Functional Processes
In the previous section, The Importance of Functional Research Results, the functional research phase was described, and the point was made concerning how important it is to keep a strong link between researched functionality and actual implementation of that functionality. Often a system has to automate certain business processes, and the functional research will describe these processes in an abstract form. To keep the link between research and implementation as tight as possible, it's a common step to model the actual implementation after the abstract business process, resulting in classes that we'll call functional processes because they're more or less data-less classes with sole functionality.

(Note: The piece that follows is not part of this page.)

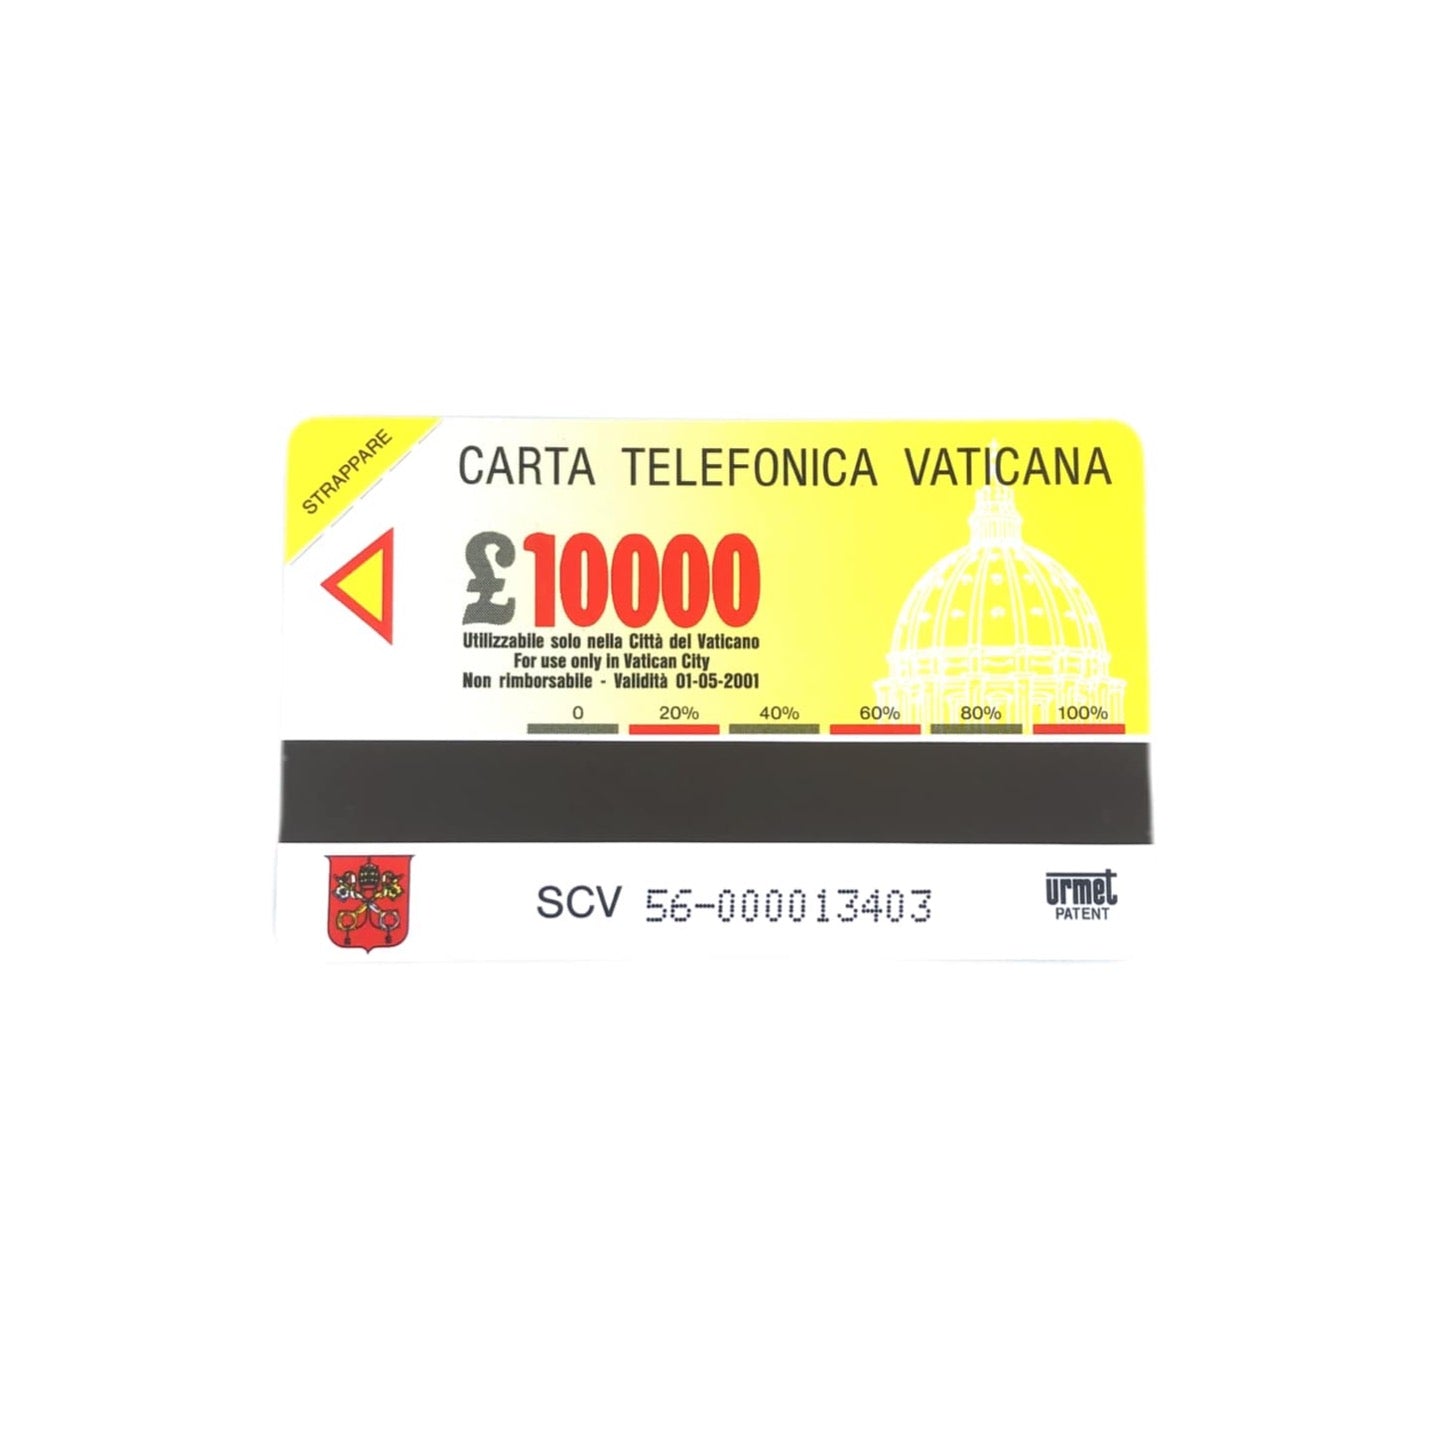 Vatican State phone card n. 56 - Galleria Mariana

The functionality processes are the ideal candidates in which to implement multi-entity-oriented Business Logic rules. In our example of the Gold Customer, a process to upgrade a Customer
to a Gold Customer can be implemented as a functional process that consumes a Customer
entity object and its Order
entity objects, updates some fields of the Customer
entity, and persists that Customer
entity after the upgrade process is complete. Furthermore, because functional processes actually perform the steps of a business process, they are also the place where a context is present in which entities are consumed and the only correct place to decide which rules to plug into an entity object at a given time T for a given context state.
The Ideal World Using NIAM/ORM for Classes and Databases
For most people, reality is not always in sync with what we expect to be an ideal world, and everyday software development is no exception to that. In the functional research paragraph, physical relational model metadata were used to produce mappings and classes to get to the entity class definitions for the developer to work with. A more ideal approach would be if the NIAM/ORM model could also be used to generate entity classes directly, avoiding a transformation from metadata to class definition. It would make the ultimate goal, where the design of the application is as usable as the application itself, appear to be one step closer.
When that ideal world will be a reality, or even if it will be a reality, is hard to say as a lot of the factors that influence how a software project could be made a success can be found in areas outside the world of computer science. Nevertheless, it's interesting to see what can be accomplished today, with techniques developed today, like model-driven software development.
References
[1] Codd, E. F. "A Relational Model of Data for Large Shared Data Banks." Communications of the ACM, vol. 13 #6, 1970.
[2] Fowler, Martin. Patterns of Enterprise Application Architecture. Boston, MA: Addison-Wesley, 2003.
[3] Chen, P. "The entity-relationship model[md]toward a unified view of data." ACM Transactions on database systems, vol.1 no.1, 1976.
[4] Halpin, T.A. and G.M. Nijssen. Conceptual Schema and Relational Database Design: A Fact-Oriented Approach. New Jersey: Prentice Hall, 1989.
[5] Halpin, Terry. Information Modeling and Relational Databases: From Conceptual Analysis to Logical Design. San Francisco: Morgan Kaufmann, 2001.